- [Assignment]:
Without the pictures, copy all of the data exactly.

- [Supplied information]:
>>>>>
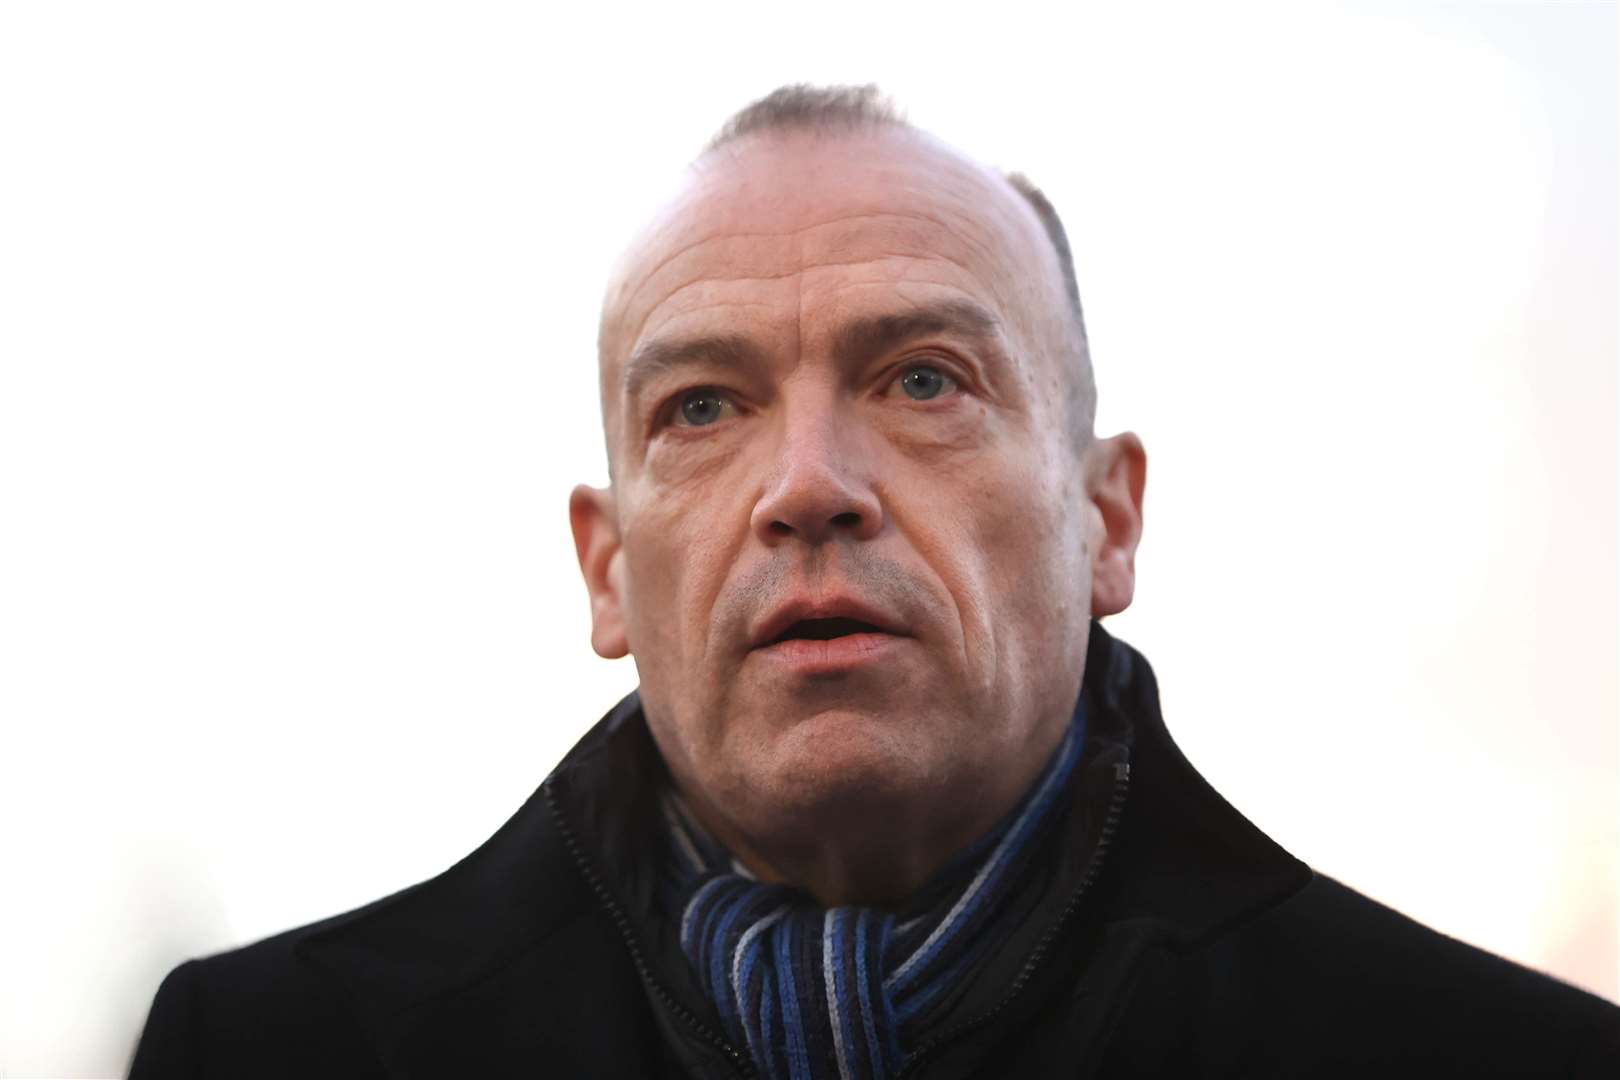 Northern Ireland Secretary Chris Heaton-Harris has offered money to settle public sector workers’ claims, but it is dependent on the return of Stormont (Liam McBurney/PA)
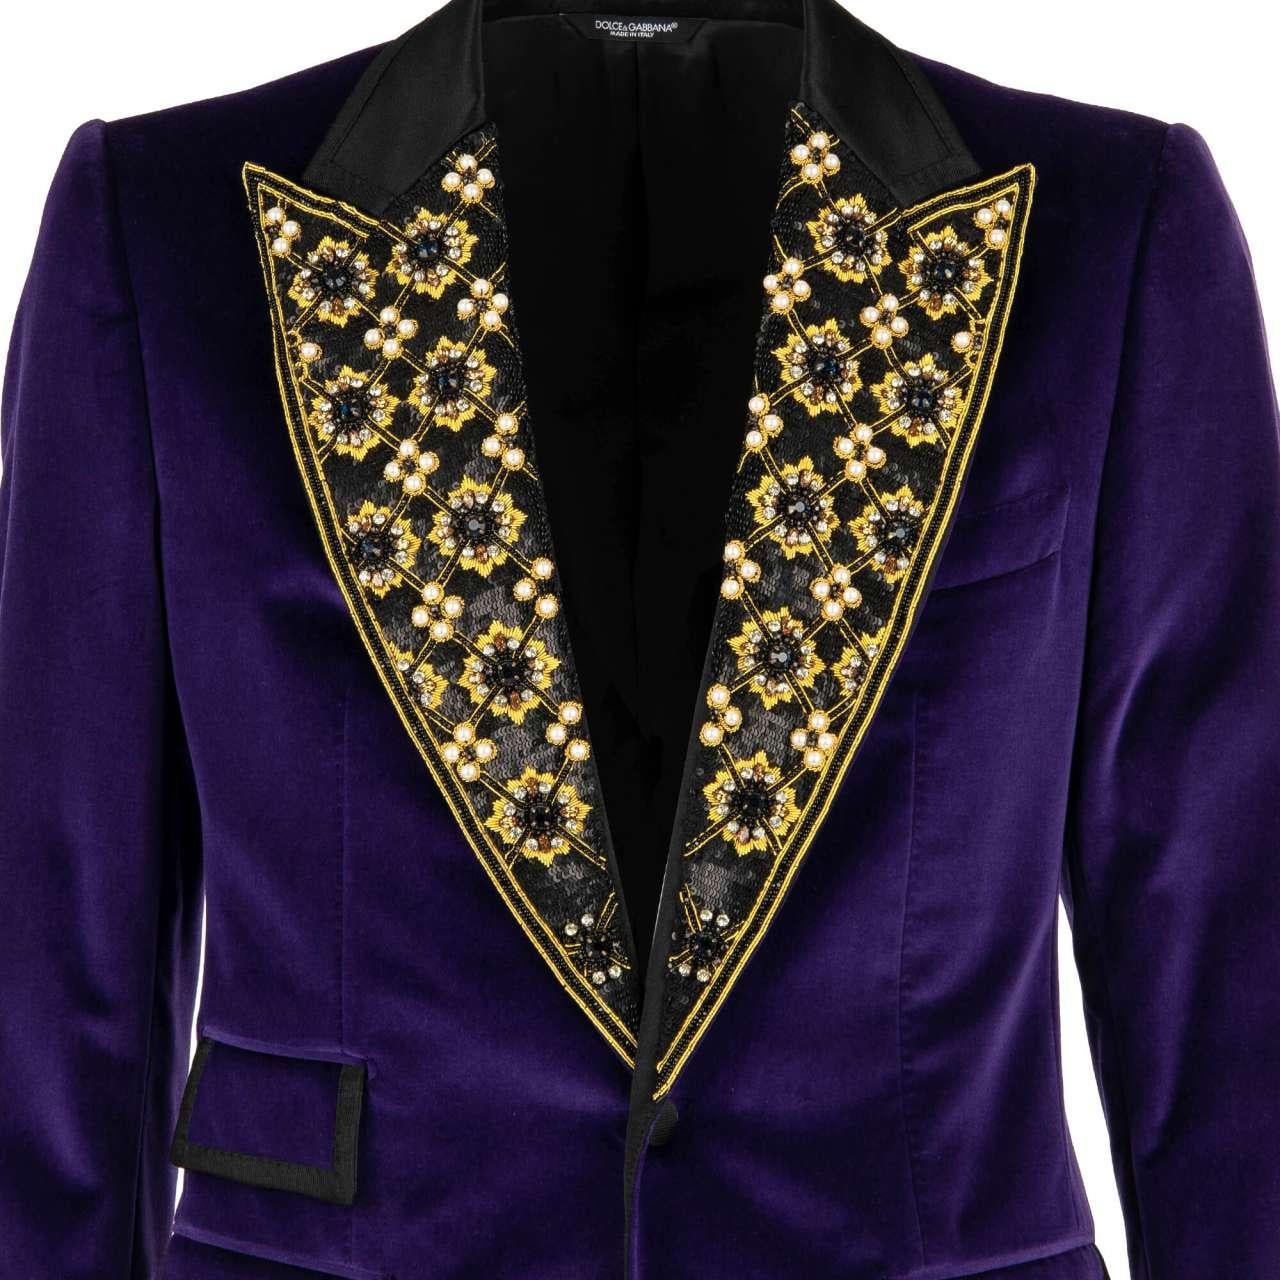 - Stunning Baroque Style velvet tuxedo / blazer with handmade crystals, pearls and sequins embroidery at the lapel and cuffs by DOLCE & GABBANA - Former RRP: EUR 3.950 - MADE IN ITALY - New with Tag - Slim Fit - Model: G2MN0Z FUVCF-F0517 - Material:
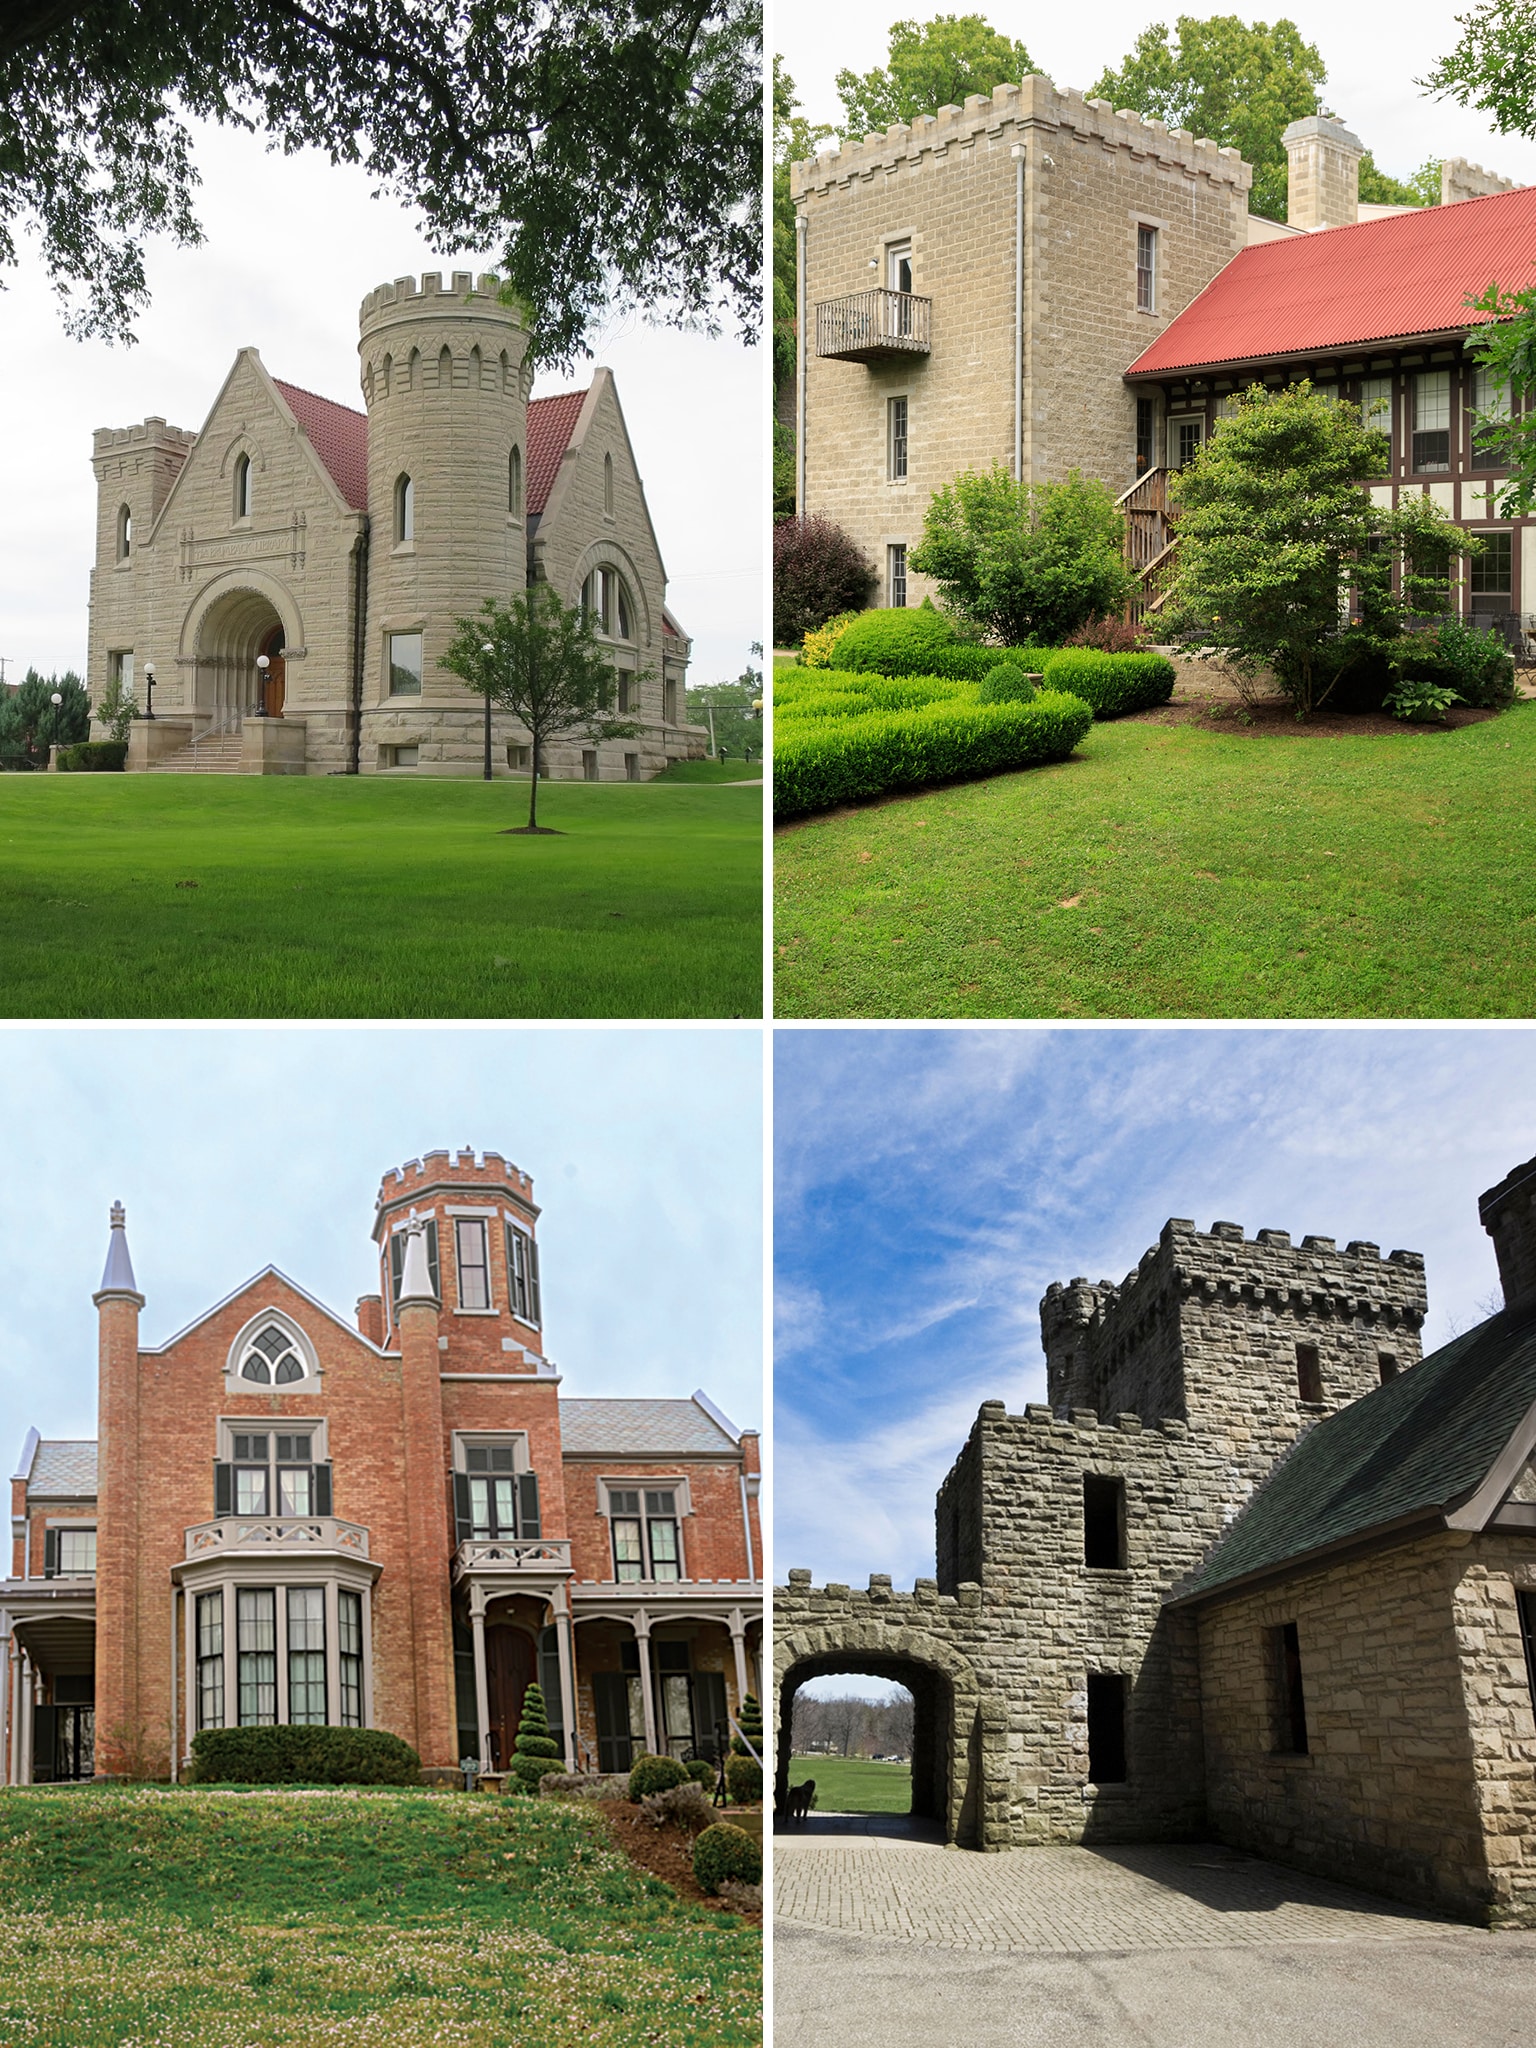 vertical image with 4 photos of castles in ohio: the brumback library, ravenwood castle, the marietta castle and squire's castle
<<<<<
- [Solved problem]:
 Northern Ireland Secretary Chris Heaton-Harris has offered money to settle public sector workers’ claims, but it is dependent on the return of Stormont (Liam McBurney/PA)
 - Stunning Baroque Style velvet tuxedo / blazer with handmade crystals, pearls and sequins embroidery at the lapel and cuffs by DOLCE & GABBANA - Former RRP: EUR 3.950 - MADE IN ITALY - New with Tag - Slim Fit - Model: G2MN0Z FUVCF-F0517 - Material:
 vertical image with 4 photos of castles in ohio: the brumback library, ravenwood castle, the marietta castle and squire's castle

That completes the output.